Pony cylinder. Pony cylinders come in a wide variety of sizes and mounting options. The key is to find the one right for your planned dive. Pony cylinders range from just two or three cubic feet, to 40 cubic feet. A small pony cylinder may be only good for a minute or two for deep dives but should be ok for bailout on shallow dives. In my estimation, its best to get larger pony cylinders. If you’re going to make the investment, you should give yourself the largest margin of safety for the money you spend. Pony cylinders have a variety of mounting options.
Again, you should choose the one right for you. Generally, they are either slung on the left side, or mounted on the right side of the divers’ main cylinder by a mounting bracket. I prefer to sling them. This allows the diver to easily manipulate the valve or hand off the cylinder to another diver if needed. A back mounted pony keeps the cylinder neatly tucked out of the way, and is favored by public safety divers, because it keeps it from dragging through the mud and muck they commonly find themselves in. However, this setup makes it difficult to manipulate the valve if needed.
Diving with redundant air sources offers safer and better options in an emergency, however, there are some issues that should be considered.

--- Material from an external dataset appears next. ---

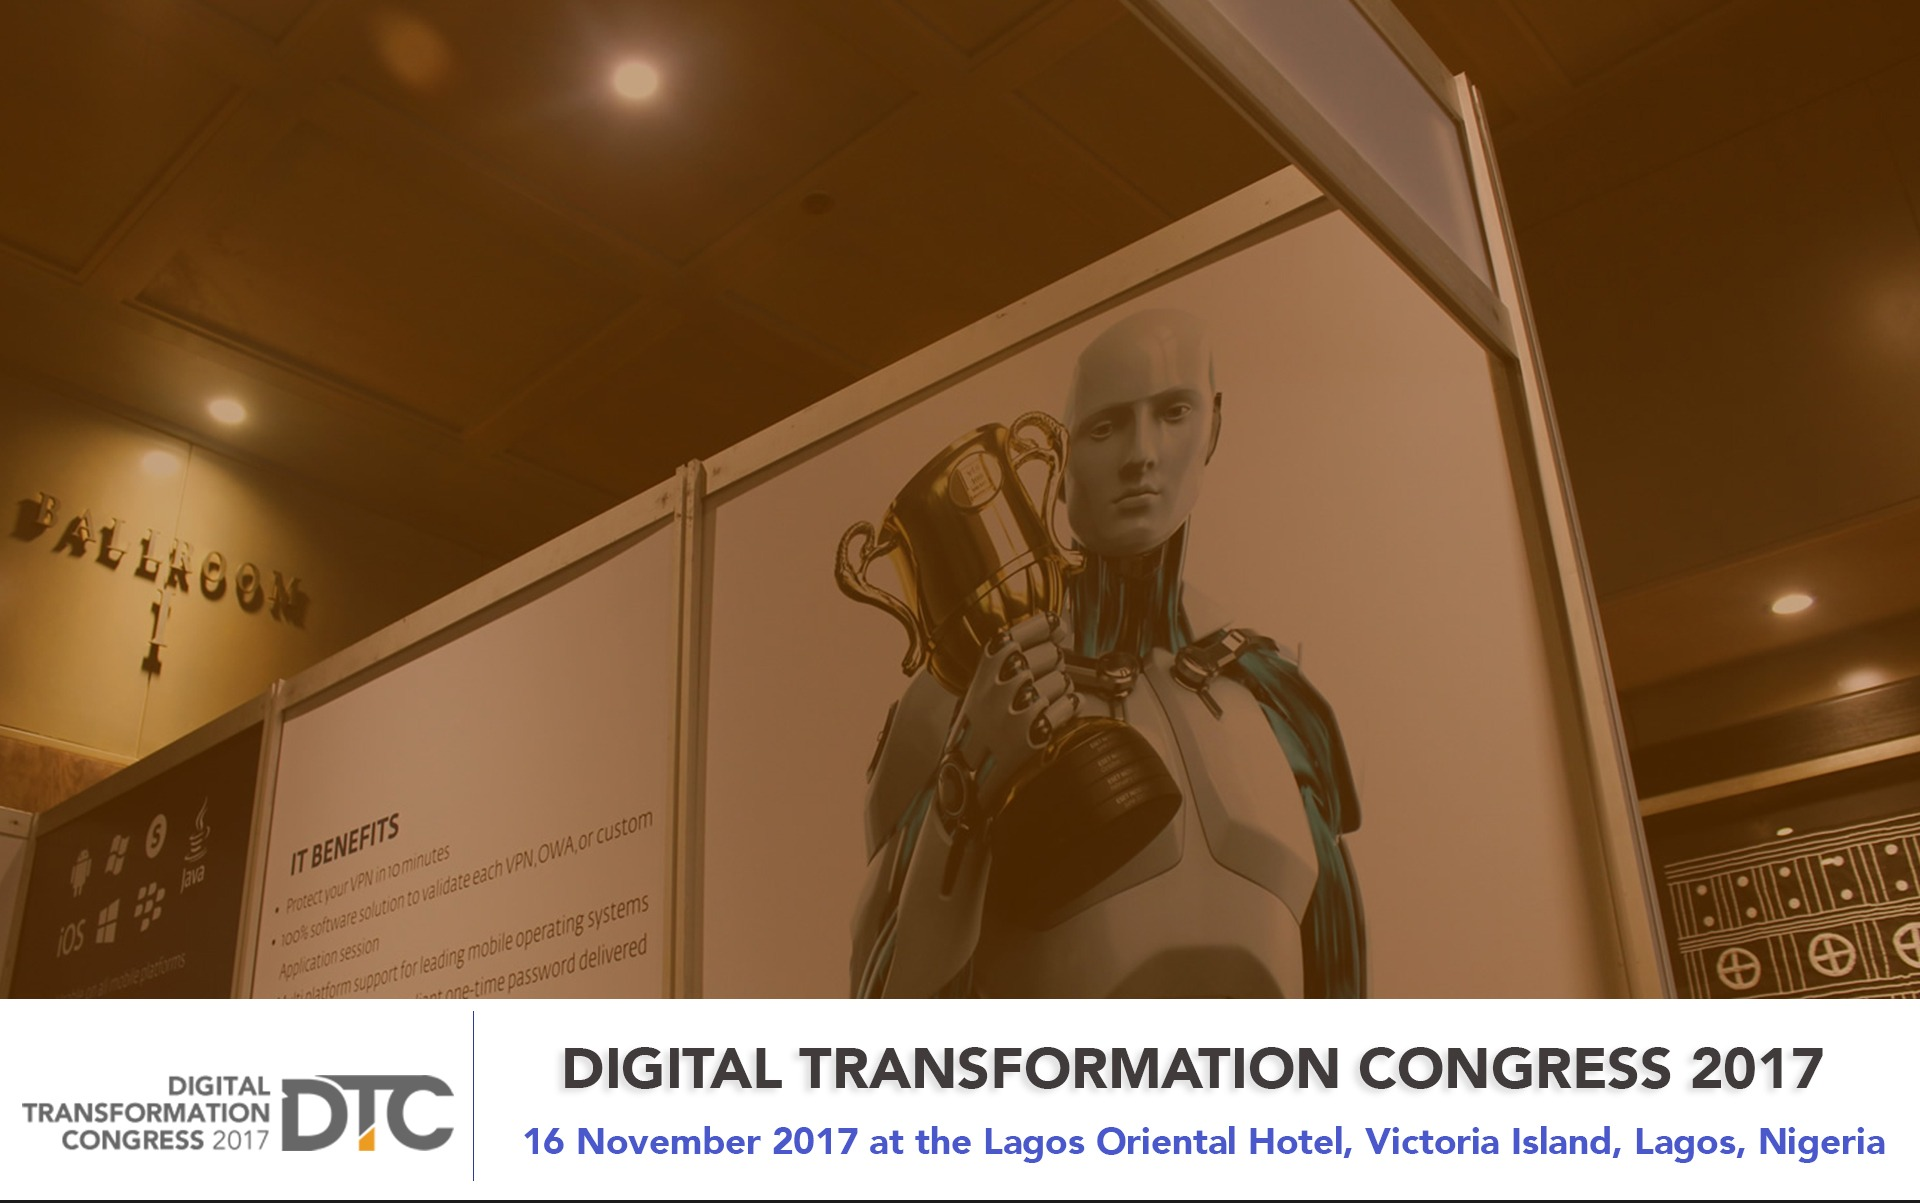 DIGITAL TRANSFORMATION CONGRESS 2017 - Techgistafrica

1.Plan your dive, dive your plan
First, there is no good reason for running out of air under normal diving conditions. Plan your dive, dive your plan. Use the rule of thirds and calculate a turn pressure that allows you to safely reach your exit point with adequate air pressure remaining. All divers should be in a position to surface with roughly one-third of their remaining gas pressure. Redundant air sources are for emergency use only and should not be used in calculating the depth and duration of your dive. If you need to use your redundant air source, the dive is over, and you’re in bailout mode.
2. Practice using it
Second, if you’re going to dive with a redundant air source, make sure you and your dive buddies are familiar with how to use it, and practice, practice, practice deploying it. Did I mention you should practice deploying, and using, a redundant air source? Ok, good. It is spooky how quickly learning how to deploy a pony becomes second nature. When diving with a pony, for example, I dive with the regulator charged and the valve shut off, to prevent an accidental gas loss. I make sure all my buddies know that if they need to use it, it will only have two or three breaths in the line until I can open the valve. I know some divers that always dive with their pony valves open. It’s not right or wrong, just a preference.
3. Valve shut off
Valve shut down is not a skill generally learned at the recreational level of diving. However, in a situation where a diver is having a catastrophic gas loss, I firmly believe it to be appropriate for the affected valve to be shut down. Shutting down the valve will save the remaining gas in the cylinder, and it could then be used later if needed. This also needs to be planned and practiced, practiced, practiced with buddies. I have had second stage freeflows myself, on occasion, and have assisted several divers with them. The freeflow is almost always caused by second stage icing due to cold water. Once the valve is shut off for a minute or so, the regulator has a chance to thaw, and will function normally again once the valve is turned back on. In my personal preference, I always position the cylinder on my BCD high enough so that I can shut down my own valve. A buddy may also assist with valve shutdown and opening. If the gas in the cylinder is simply allowed to deplete, the diver will lose the ability to power inflate their BCD or drysuit, once they reach the surface. They would then have to remember to orally inflate. This one simple thing could cause an already distressed diver to panic.
In conclusion, diving with redundant air sources allows a diver to mitigate some risk, however, they also come with risks of their own. I believe it is impossible to mitigate one risk without accepting a risk of one sort or another. Every diver must make that decision for themselves.